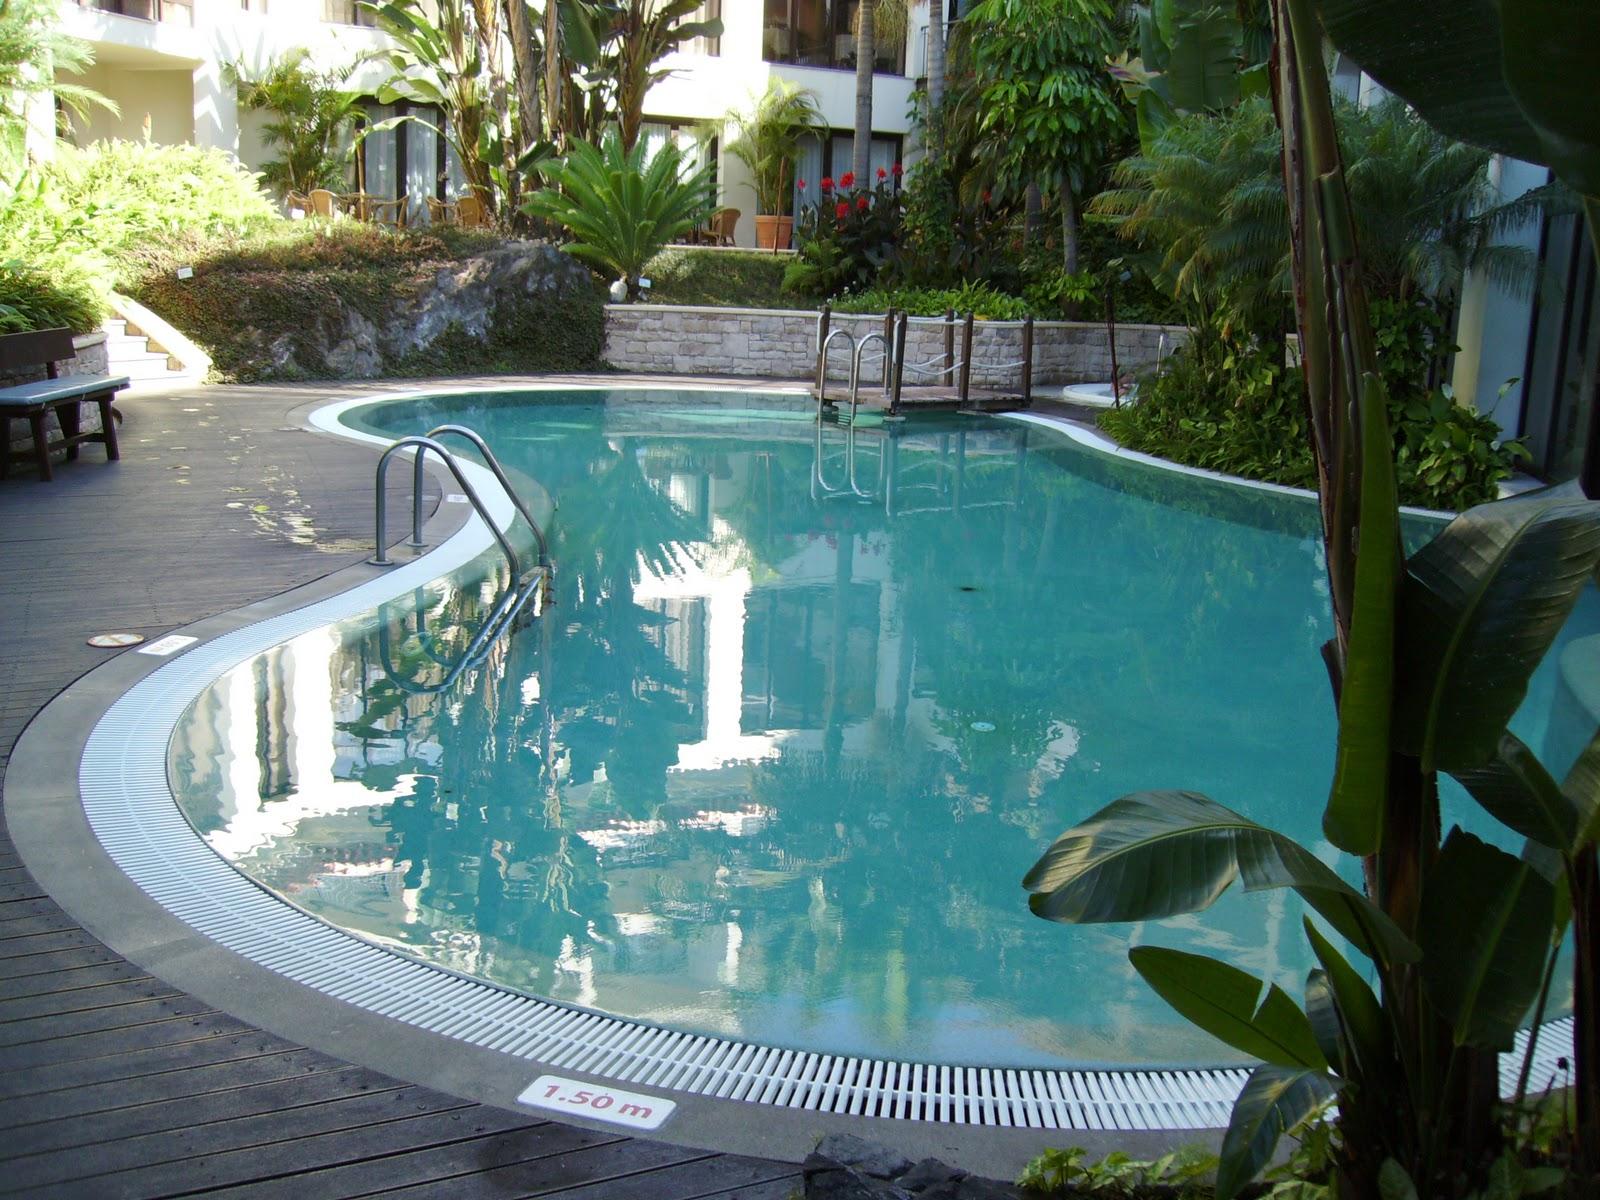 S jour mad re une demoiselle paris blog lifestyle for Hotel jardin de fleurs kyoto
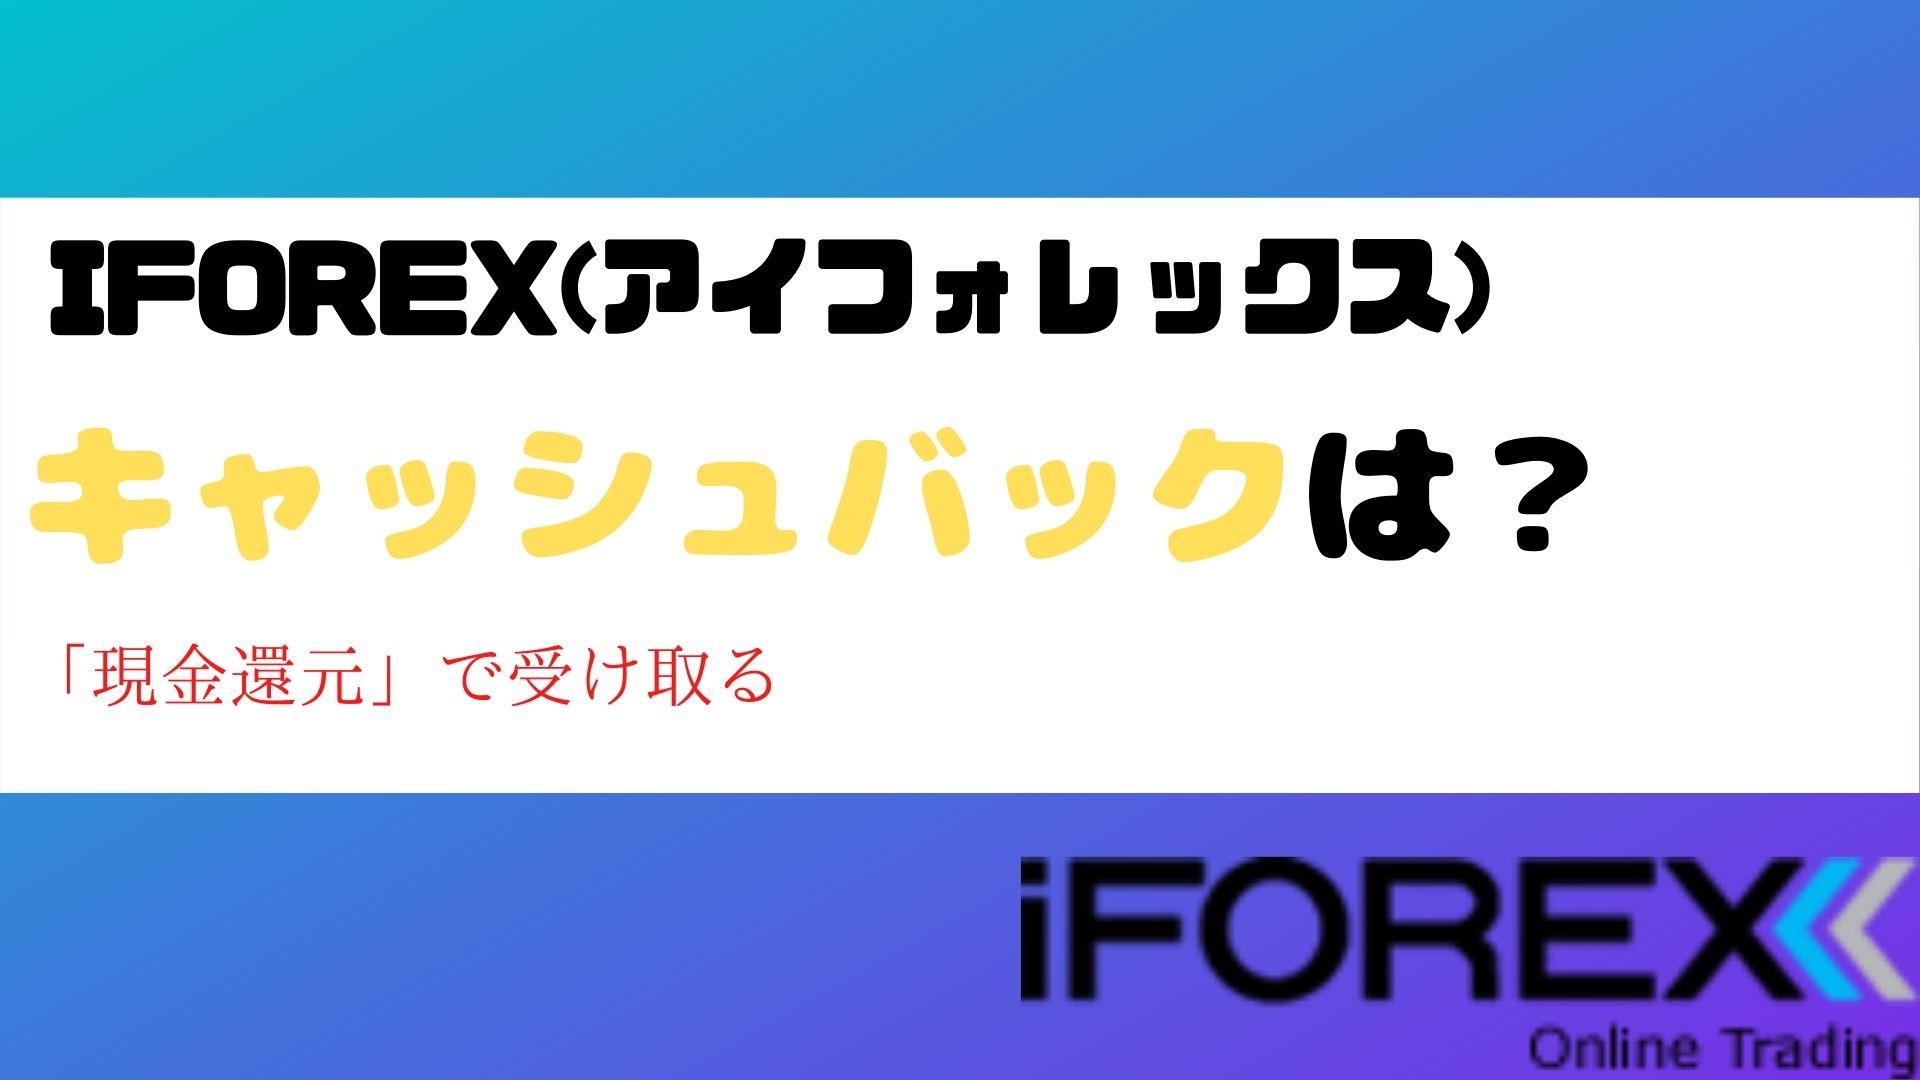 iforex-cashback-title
########################################
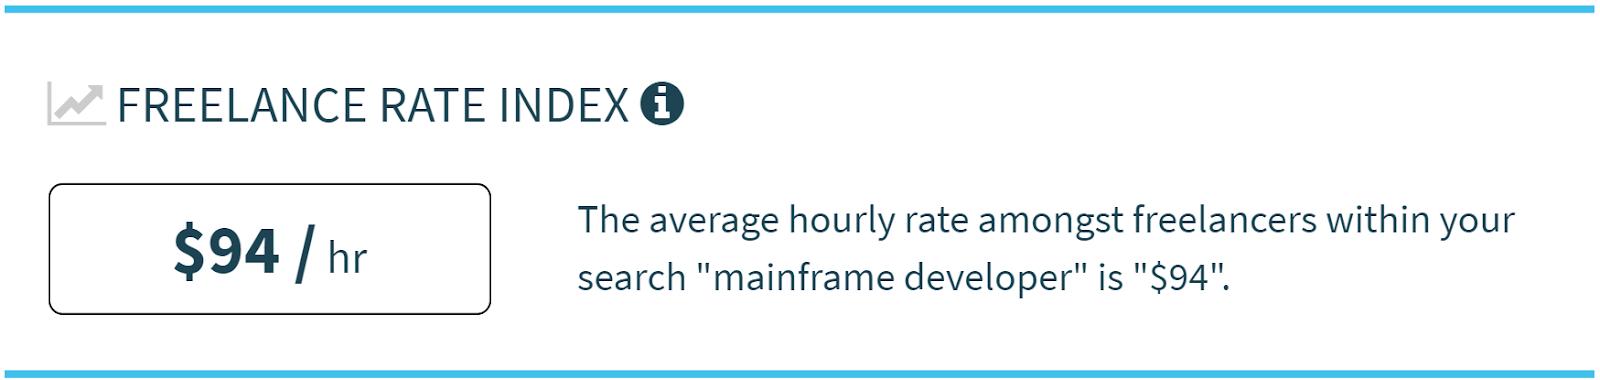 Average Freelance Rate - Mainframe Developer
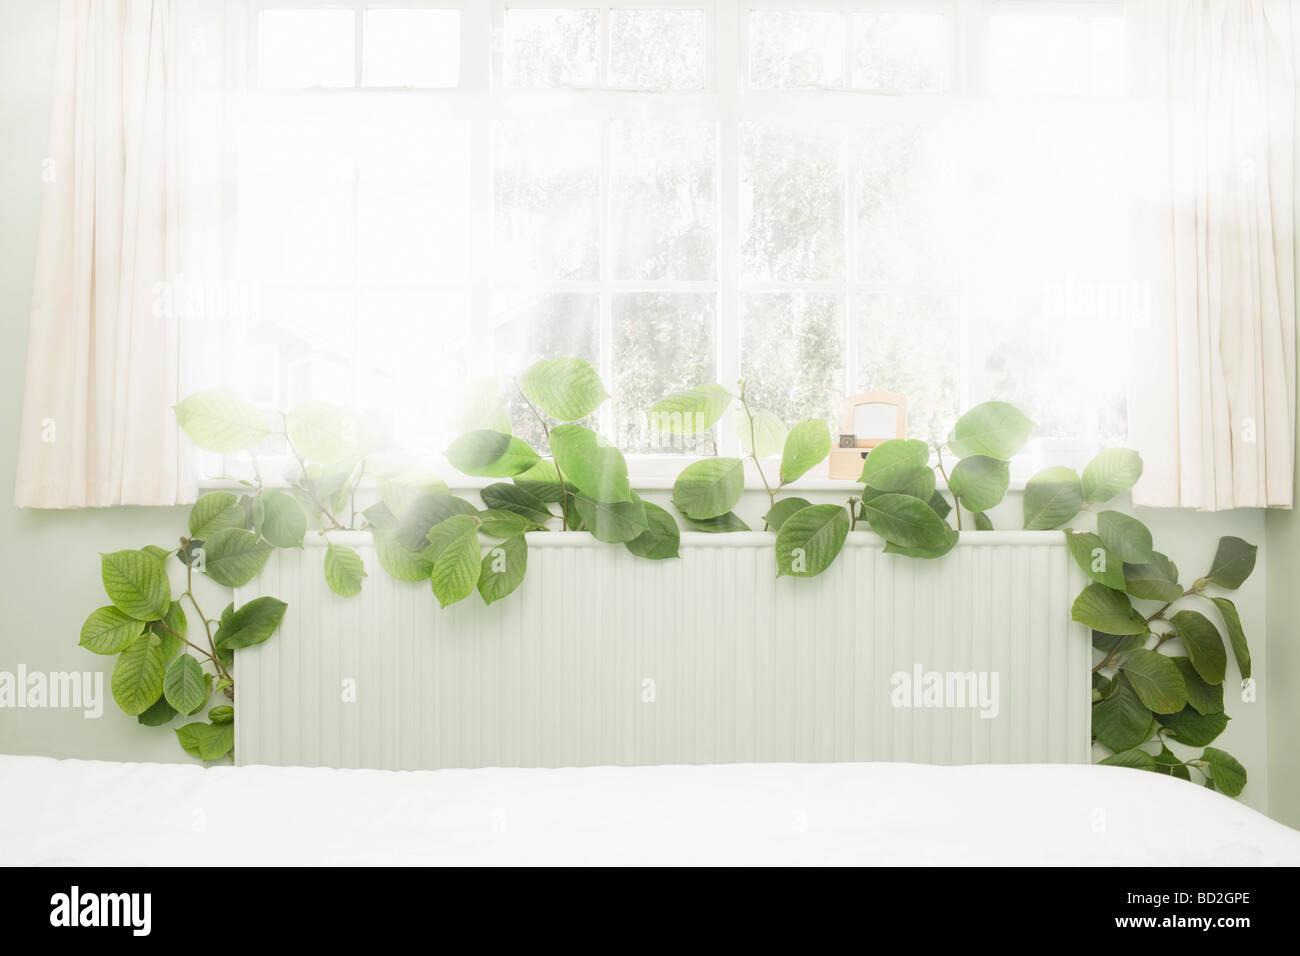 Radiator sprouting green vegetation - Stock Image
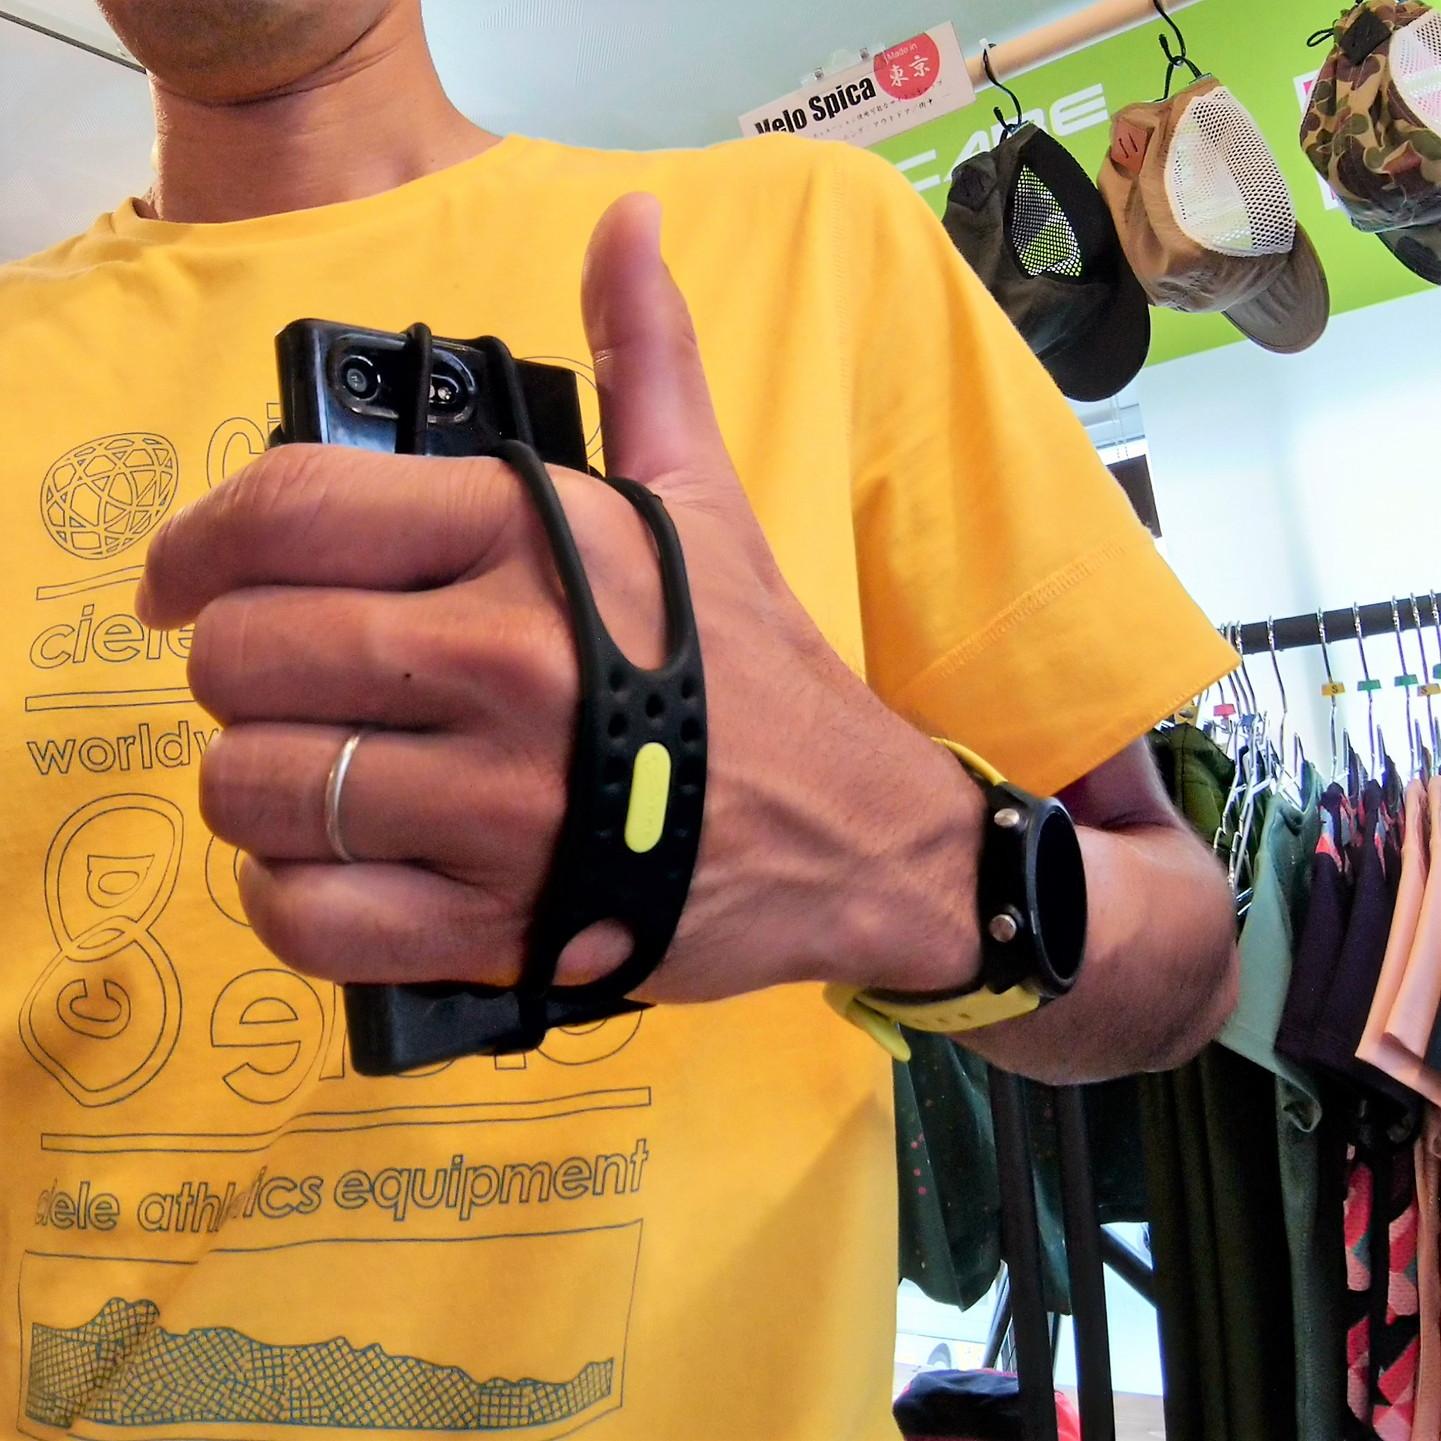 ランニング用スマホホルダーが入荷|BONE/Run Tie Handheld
########################################
* _REQUIREMENT_:
Reproduce, word for word, everything in the listing above from the line containing "S jour mad re" down to the line containing "iforex-cashback-title", both of them included. No pictures.

* _TASK OUTPUT_:
 S jour mad re une demoiselle paris blog lifestyle for Hotel jardin de fleurs kyoto
 iforex-cashback-title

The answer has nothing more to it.